• [What is needed]:
Locate the line containing "Corona 3 Manual" in the material below. Copy that line and all following lines through the end exactly, omitting any pictures.

• [Available data]:
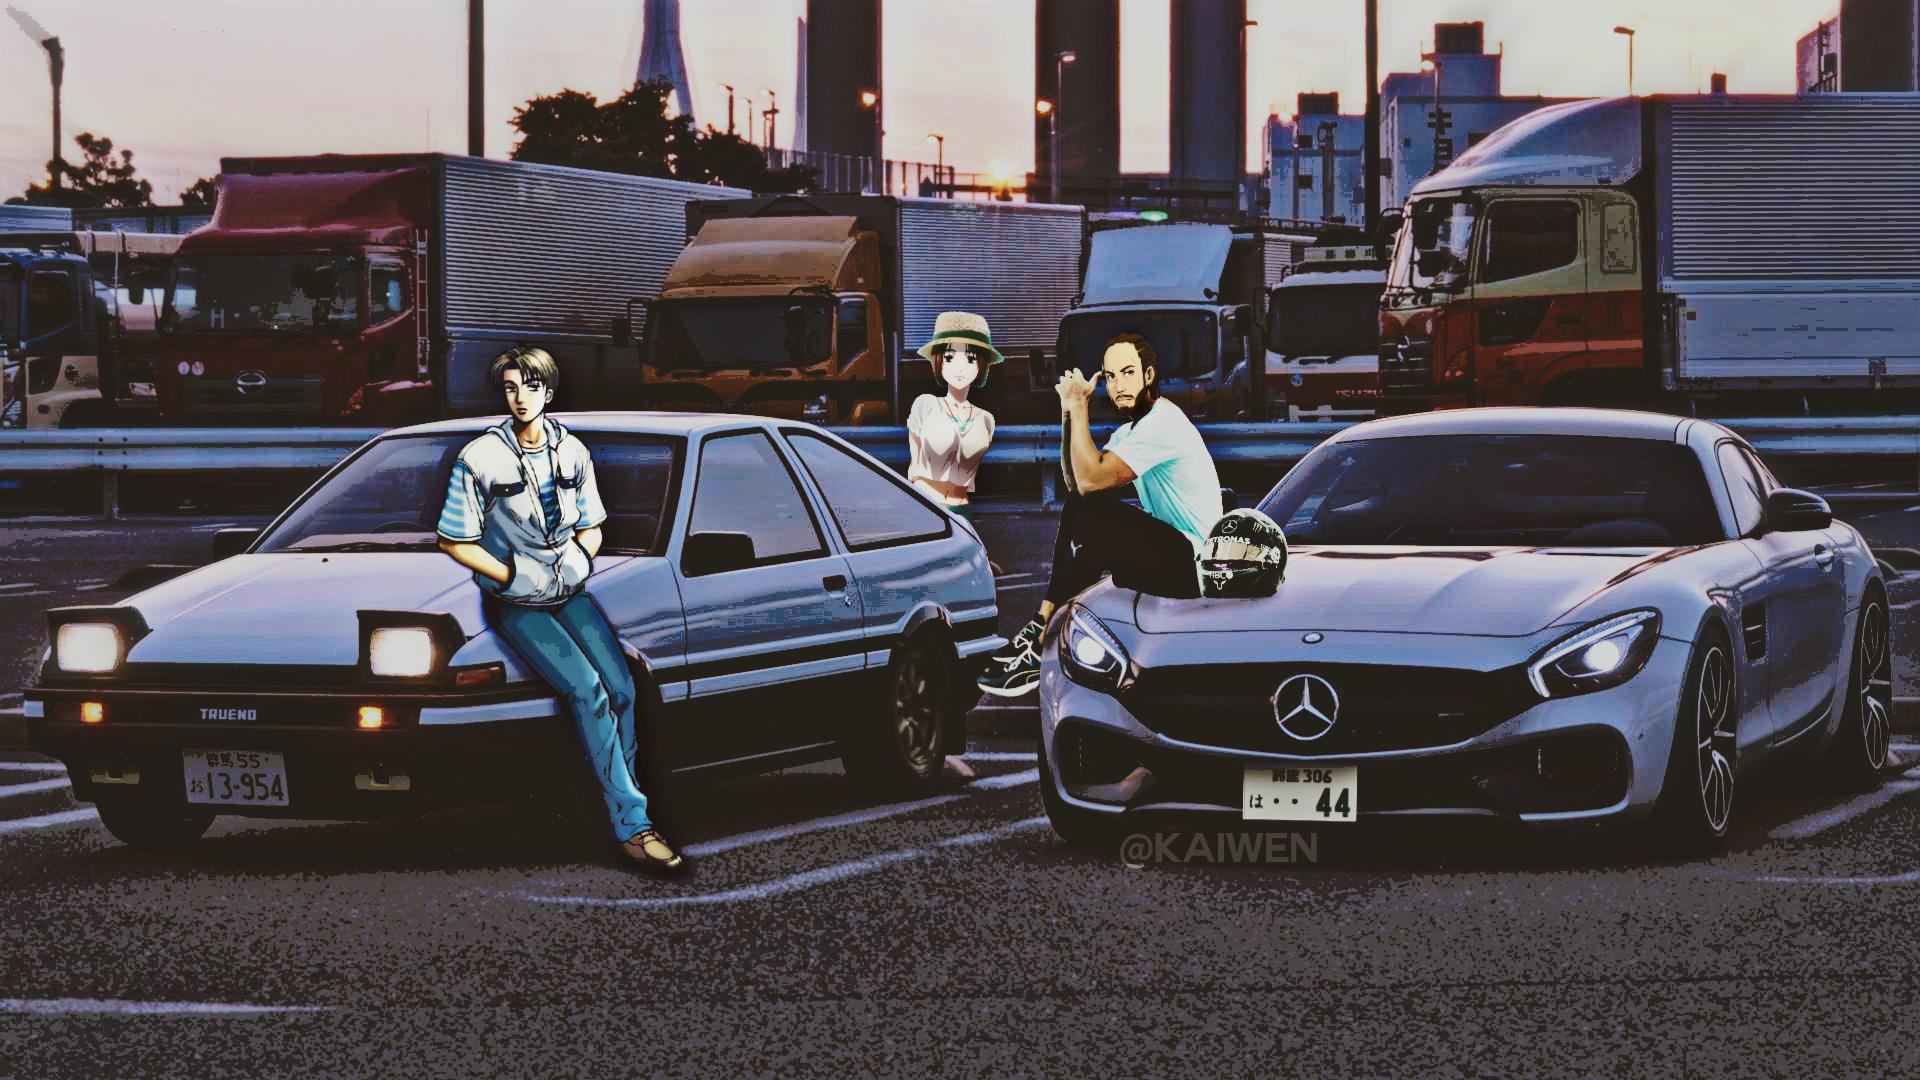 Takumi Fujiwara, Natsuki Mogi and Lewis Hamilton (Maybe he's that Mercedes guy that Natsuki could have fun with) #TakumiItsJames
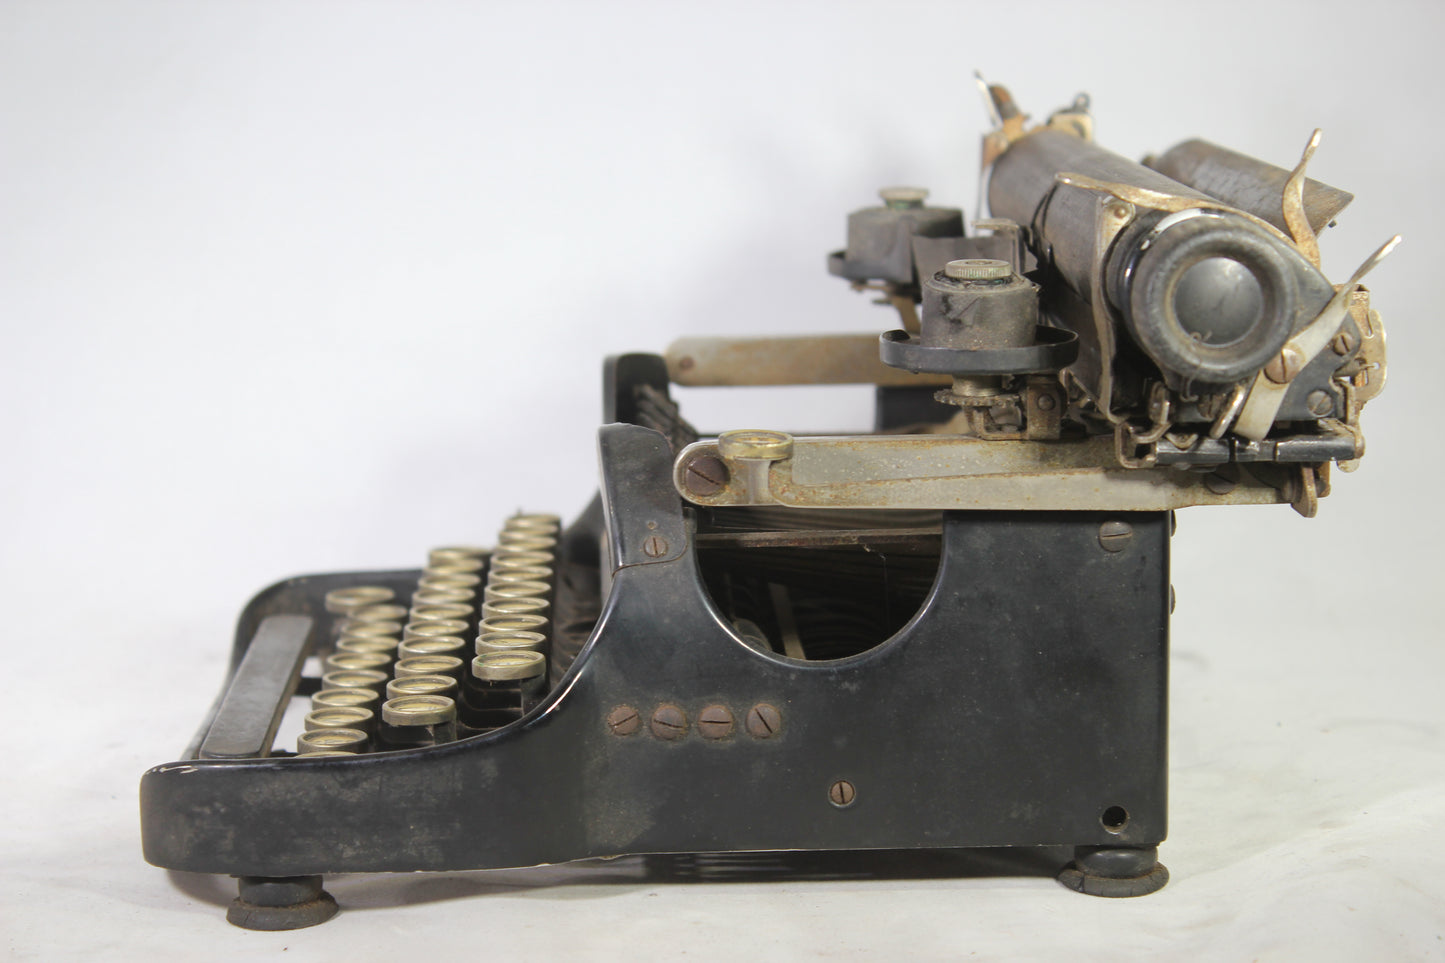 Corona 3 Manual Portable Folding Typewriter with Case, 1921
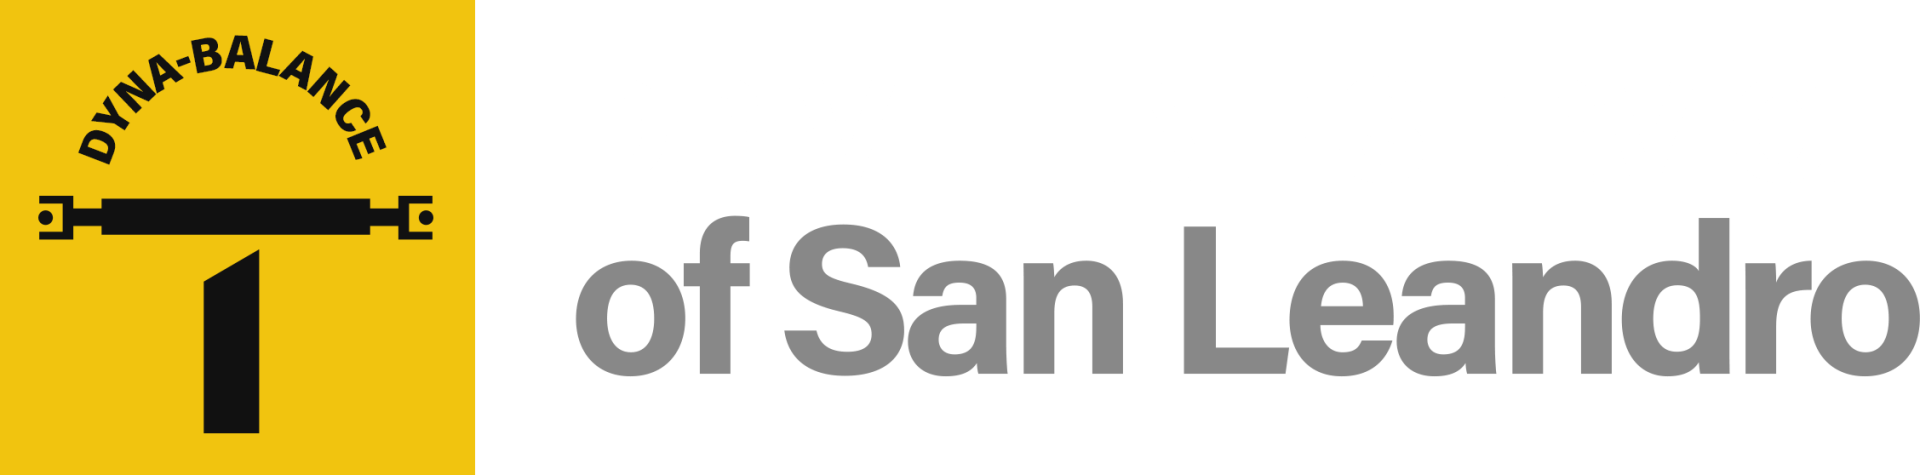 Drive Line Service Of San Leandro

• [Expected output]:
 Corona 3 Manual Portable Folding Typewriter with Case, 1921
 Drive Line Service Of San Leandro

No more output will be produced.